Problem to solve:
Could you output the listing that follows exactly, without its images?

Information supplied:
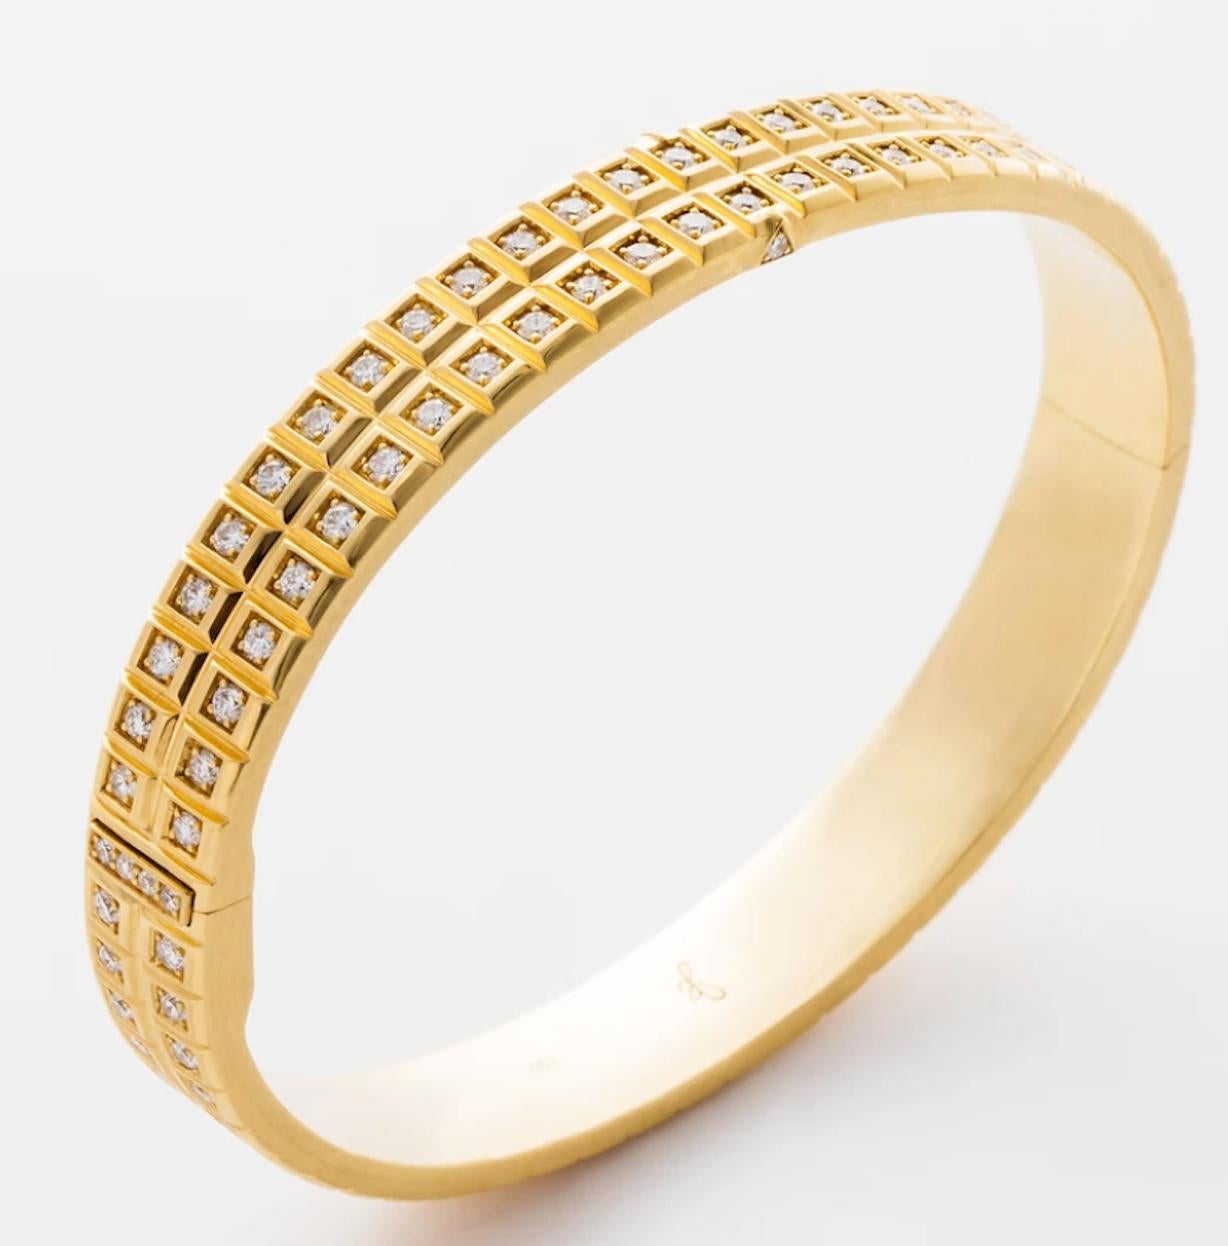 18 Karat Double Carousel Bracelet is set in solid 18k Yellow Gold with two rows of white diamonds and finished with a seamless secure clasp closure.
18k Yellow Gold, White Diamonds
From the James Banks Code Collection

Result of this exercise:
 18 Karat Double Carousel Bracelet is set in solid 18k Yellow Gold with two rows of white diamonds and finished with a seamless secure clasp closure.
18k Yellow Gold, White Diamonds
From the James Banks Code Collection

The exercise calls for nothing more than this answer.